Mi ha fatto piacere, quando sono stato con voi a Correggio, nell’ottobre scorso, vedere come curate con passione il mensile Primo Piano. Un giornale di comunità che vuole promuovere il valore e il piacere della lettura e della scrittura. Per questo rispondo volentieri al vostro invito, riproponendovi una mia riflessione personale sul piacere della lettura.
Ho letto molti libri, alcuni per intero, altri parzialmente. Qualcuno l’ho lasciato dopo le prime pagine. Con l’esperienza ho imparato a riconoscere i libri che mi piacciono, i soli che valga la pena di leggere per davvero.

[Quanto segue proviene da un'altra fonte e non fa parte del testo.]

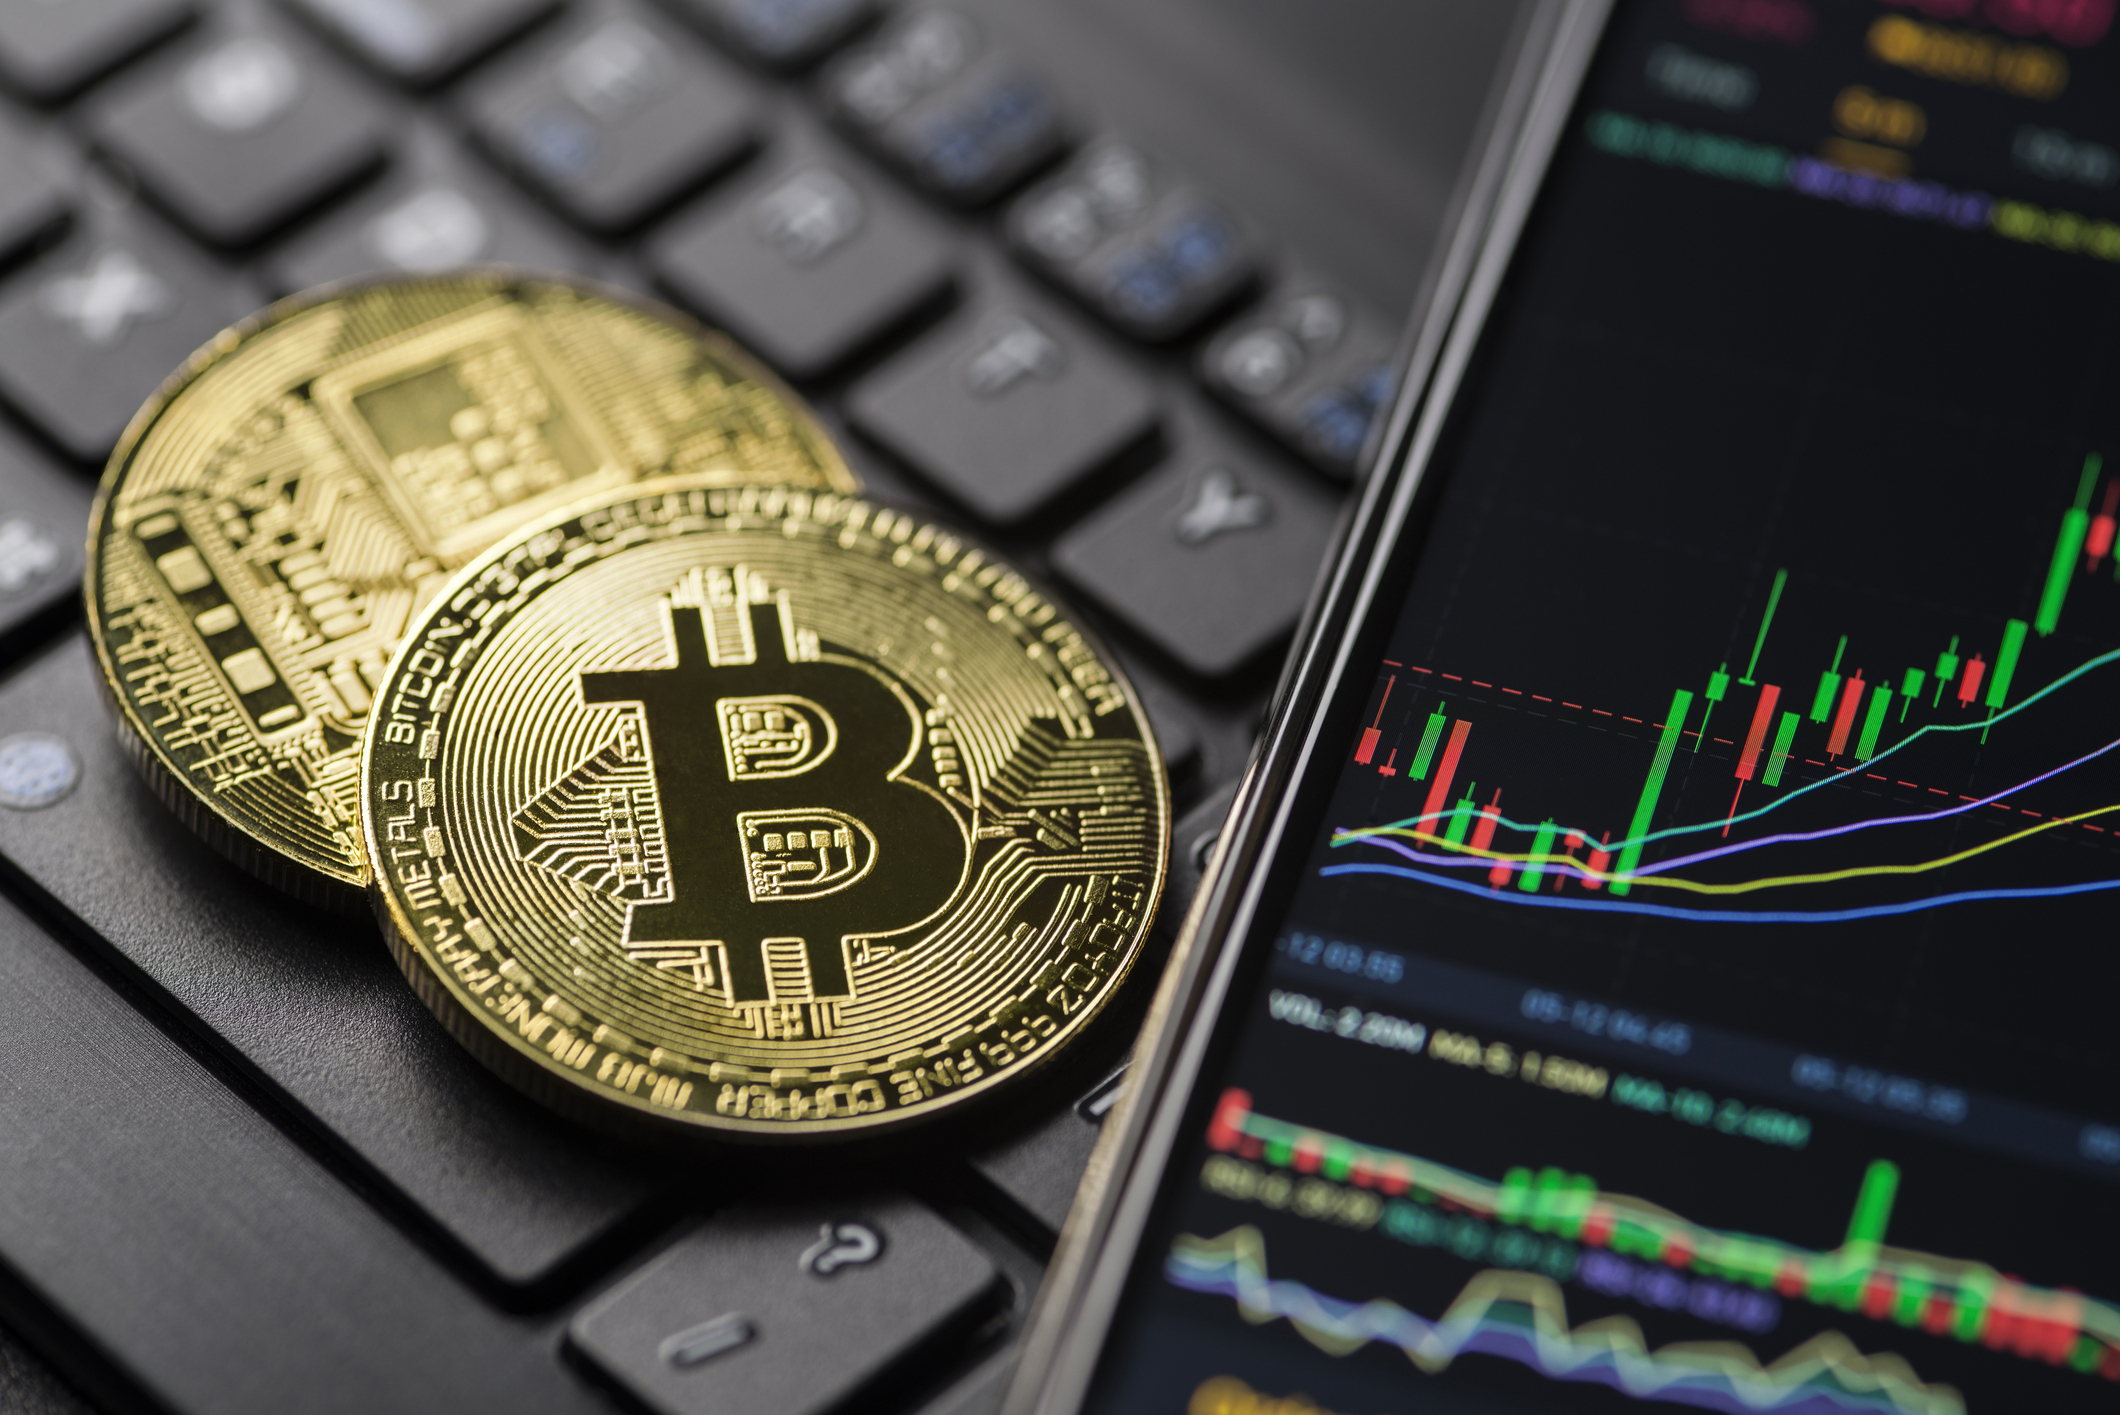 Bitcoin Approaches Risky Territory As Halving Event Draws Near

Diceva Franz Kafka: «Se il libro che stiamo leggendo non ci colpisce come un soffio di vento nel cranio, perché annoiarsi leggendolo?… Un libro dev’essere l’ascia che spezza il mare ghiacciato che è dentro di noi».
A dispetto di questa prolungata esperienza, per rispondere alla domanda del perché si legge, mi viene spontanea la domanda opposta: perché si scrive?
La risposta più semplice è quella razionale: la scrittura è la forma migliore di comunicazione, per ora insuperata per diffondere informazioni, suggerire emozioni, stimolare reazioni. Ma la scrittura, ecco il punto, è anche una forma artificiosa di comunicazione, diciamo pure innaturale: piccoli segni che per convenzione hanno un certo suono e che, raggruppati in parole e poi in frasi, assumono un certo significato.